4: poems reprinted in 2009

10: technically, number of pages I've written on my scholarly monograph this year, but

35: number, actually, of pages toward the monograph, since talks I've delivered feed directly into the project, and

2: number of times I've written up good solid abstract/ annotated table of contents of the thing, which has been an incredibly useful exercise and has helped me to conceive of the project in global terms, to identify the most persuasive throughlines, and to discover the necessary work for the introductory chapter

2: chapters left to write

1: semester of confirmed leave in my future, with fingers crossed for fellowship support for two

99.8: percent completed in my endless Upload All the CDs to iTunes project

6: camping trips this year

2: deaths of people close to me

1: times I became an aunt in 2009

98: percent of days I feel generally sunny about the universe, despite the catharto-therapeutic gloom of this blog, in which I too often exorcise (and exercise) my frustrations

39: my age next week, which appeals to the math geek in me. 39 years I've been alive, though I feel the same as I did when I was 18. This year seems to be starting off with renewed self-confidence and equanimity.
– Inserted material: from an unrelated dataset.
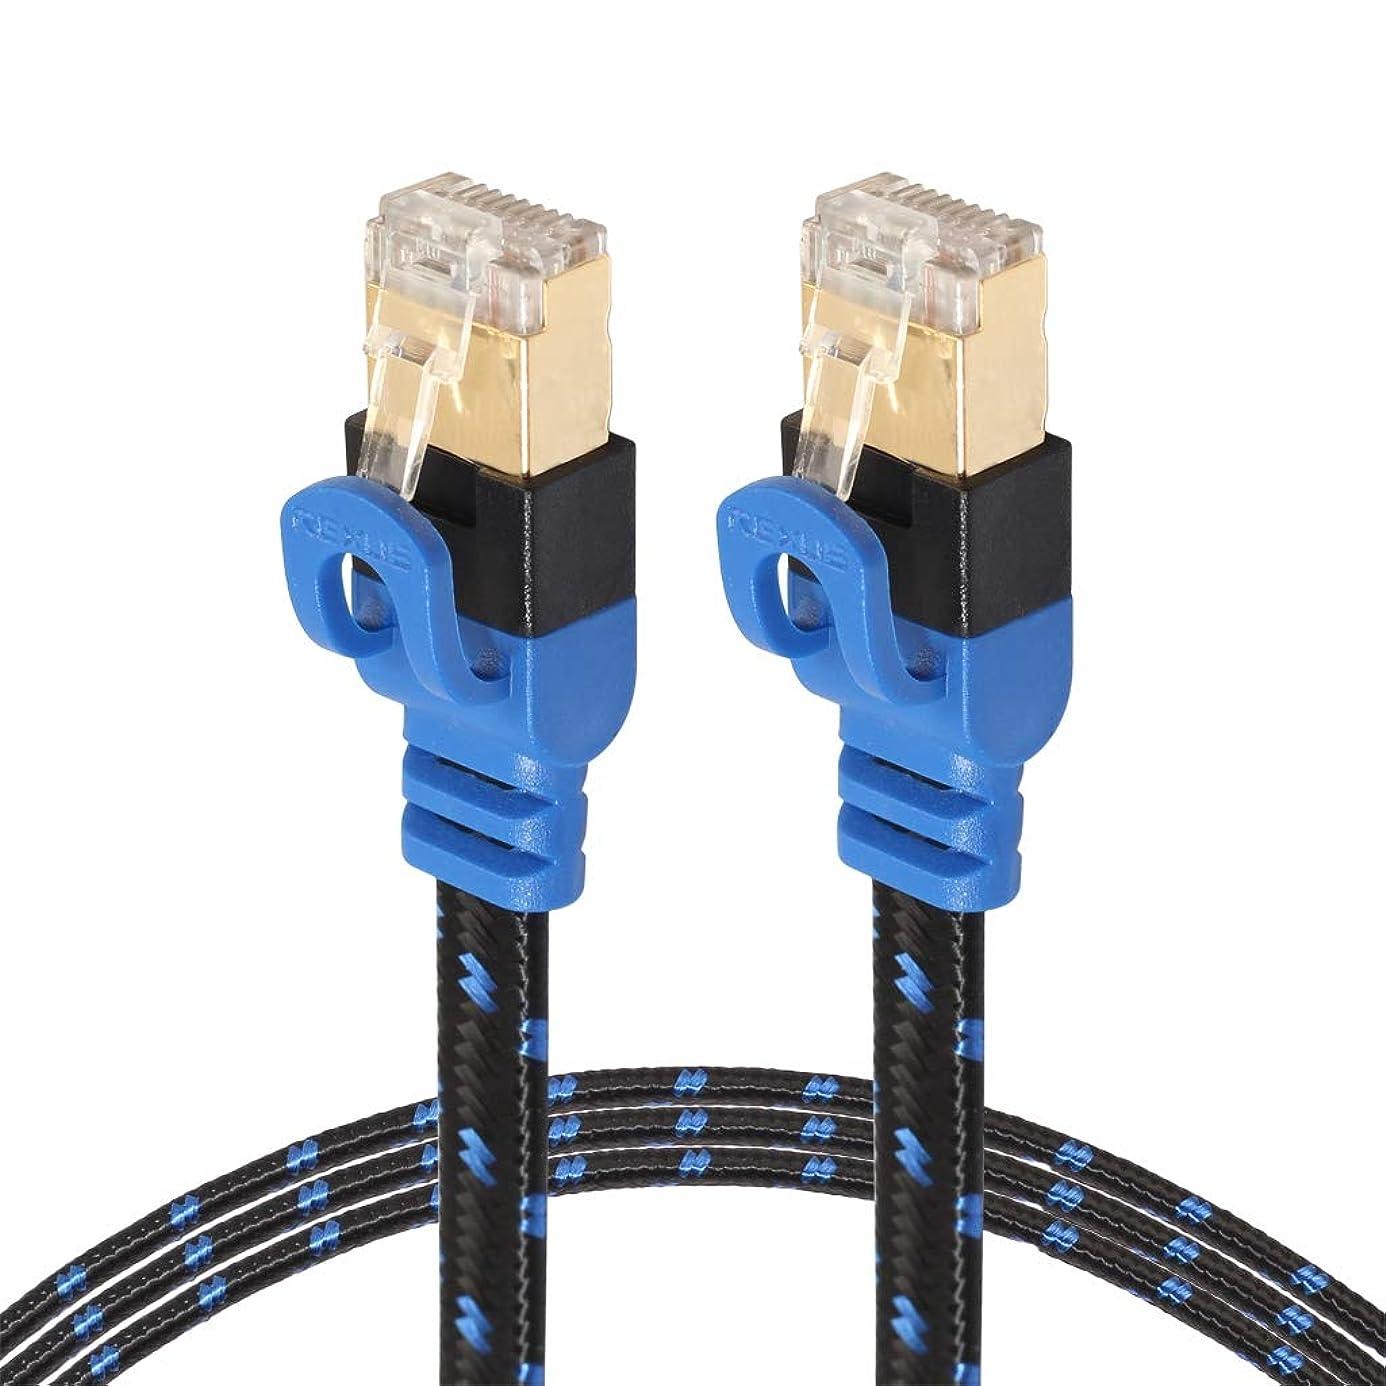 YWH Cable And Tools CAT7-2金メッキCAT7フラットイーサネット10ギガビット2色編組ネットワークLANケーブル、モデムルーターLANネットワーク用、シールド付きRJ45コネクタ付き、長さ:10m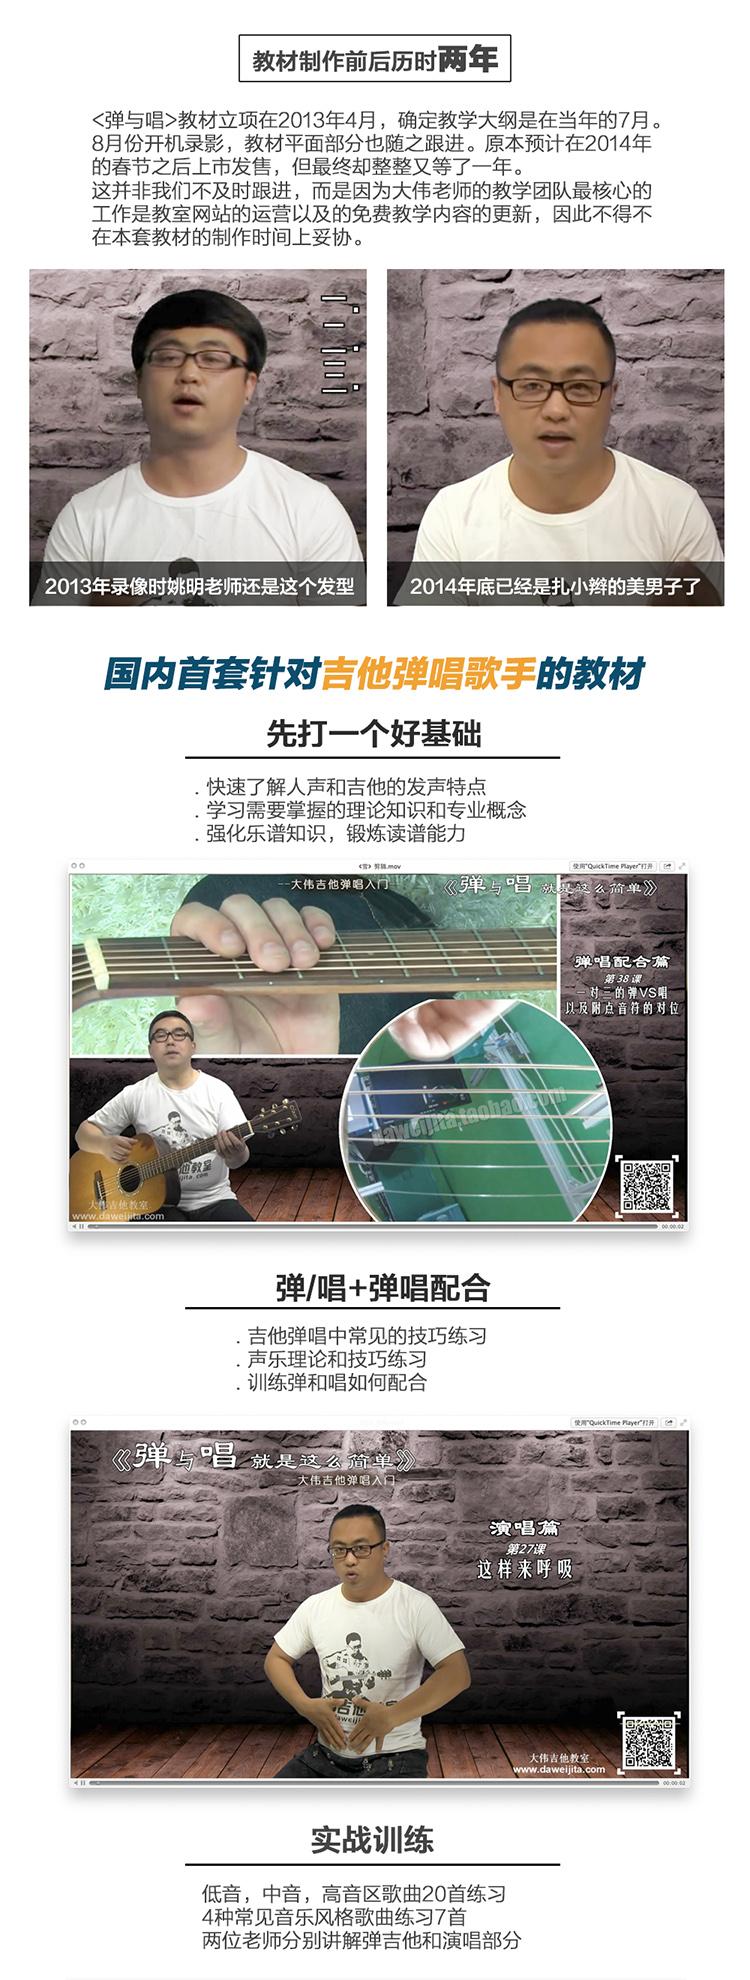 视频教学 大伟纸质教材 正文  是国内第一套专门针对吉他弹唱配合练习

I feel square, in the good, stable way, in addition to numerically. Happy, happy, all!

MLA wrap

Honestly, didn't do much or see many folks. I had intended to finish my paper on the plane, and when I realized, after an unusually breezy progress through security, that I'd left my laptop at home, I lost the 4-5 hours of worktime I'd budgeted to collect my thoughts and my shit. Happily, a colleague in Philadelphia lent me his laptop, and after interviewing candidates Tuesday morning and meeting with a publisher Tuesday early afternoon, I really just worked on the paper in my hotel room until just before my panel, breaking only to go running and to eat dinner (see last post). Saw a few lovely peeps in quick passing, and got a chance to chug-a-lug some tea with one friend, and ran for the airport right after my panel. All in all, a whirlwind MLA. Three great side-benefits: 1) wrote (frantically) a paper with which I'm pretty happy, and which makes me much more confident and energized about the book project; 2) have a possible new project in development with a colleague based on some post-panel conversation (on hold, obviously, until the Book That Ate RG is done); 3) in the brain ecstasy that is last-minute paper-writing, finished a poem I've been working on for three years.